我想按规则对级别名称进行修改,但我在下面遇到问题:
我的数据;最初的df变量是类矩阵我改变了它
df <- data.frame(x = c("P27C", "P31B", "P12E", "P3E", "P7A", "P7D", "P2A", "P7D",
"P34", "P10C"),
y = rnorm(10), stringsAsFactors = F)
s<-c("P27CvsP31B","P27CvsP3C","P27CvsP3E","P27CvsP6B","P27CvsP7A","P27CvsP7C",
"P27DvsP27E","P27DvsP2B","P27DvsP31A","P27DvsP31B","P27DvsP3D","P27DvsP7D",
"P27EvsP2A","P27EvsP2B","P27EvsP2E","P27EvsP2F","P27EvsP2G","P27EvsP34",
"P7AvsP7H","P7BvsP7D","P7CvsP7G","P7DvsP7E","P7DvsP7F","P7DvsP7G","P7DvsP7H")
df
df$z <- lapply(df$x, grep, s, value = T)
# gives you the matches but empty slots for a missing value like "P12E"
df
for (r in 1:nrow(df)) {
if (length(df$z[[r]]) == 0) {
df$z[[r]] <- df$x[[r]]
}
else {
df$z[[r]] <- df$z[[r]]
}
}
# restores the original name of unmatched values
df$z
#Rename but in list format!!!
我想要的输出是:
x y z
1 P27C 2.22354499 "P27CvsP31B, P27CvsP3C, P27CvsP3E, P27CvsP6B, P27CvsP7A, P27CvsP7C"

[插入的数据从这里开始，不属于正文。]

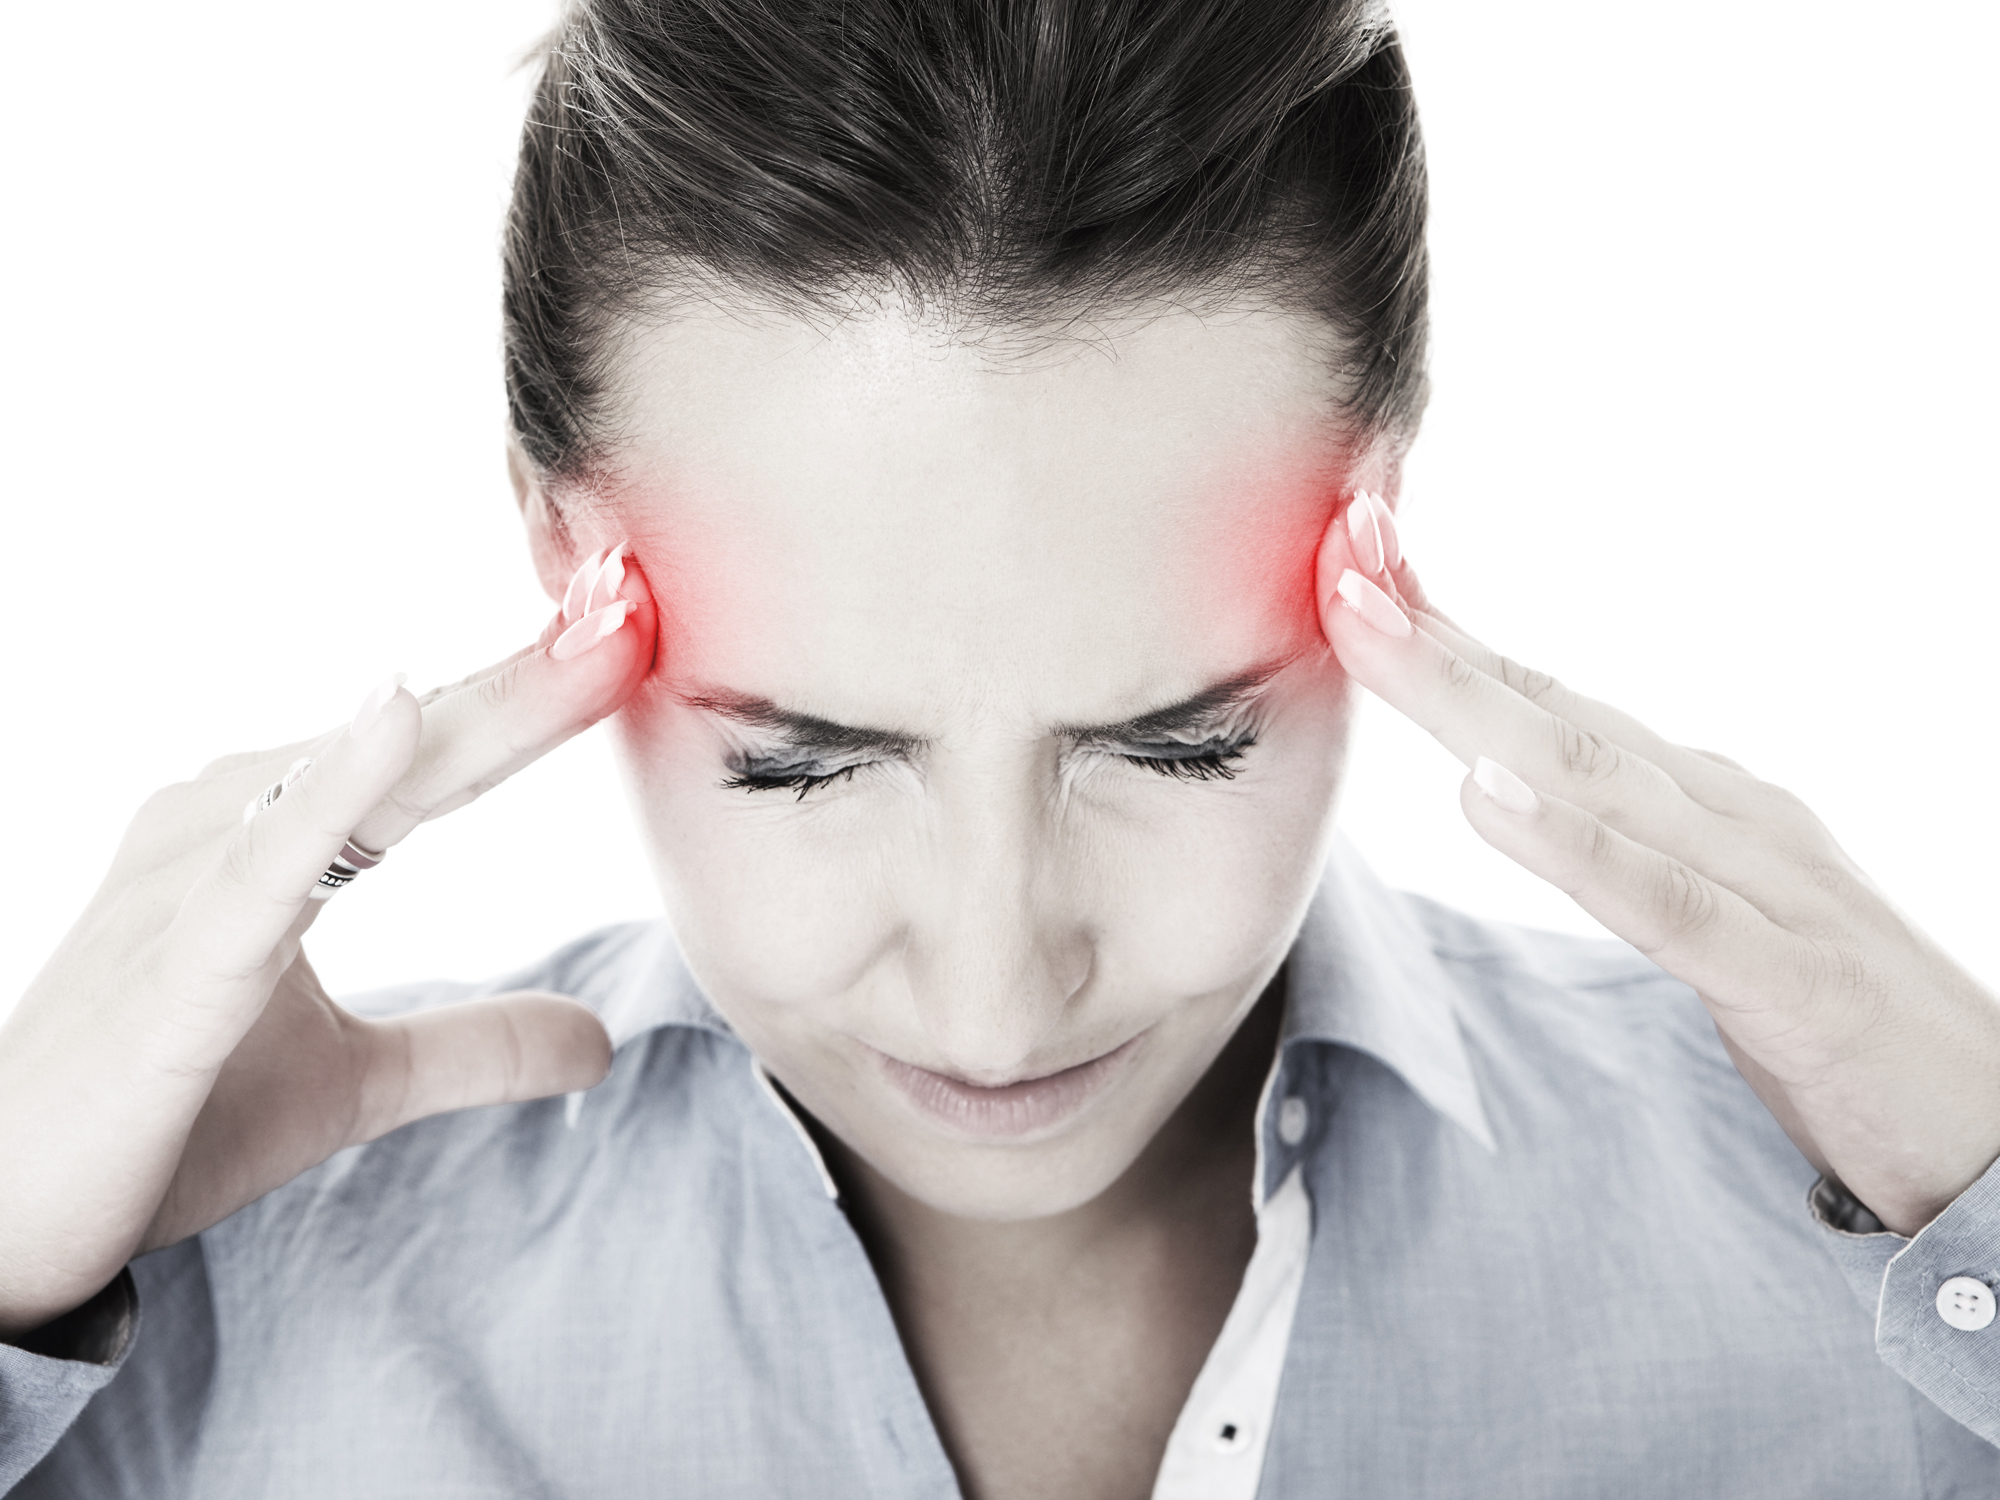 Halt migraines with the happy hormone

2 P31B 0.89197064 "P27CvsP31B, P27DvsP31B"
3 P12E -0.02313754 "P12E"
4 P3E 0.69916446 "P27CvsP3E"
5 P7A -0.44895512 "P27CvsP7A, P7AvsP7H"
6 P7D 1.77619979 "P27DvsP7D, P7BvsP7D, P7DvsP7E, P7DvsP7F, P7DvsP7G, P7DvsP7H"
7 P2A -0.18261732 "P27EvsP2A"
8 P7D 0.12025524 "P27DvsP7D, P7BvsP7D, P7DvsP7E, P7DvsP7F, P7DvsP7G, P7DvsP7H"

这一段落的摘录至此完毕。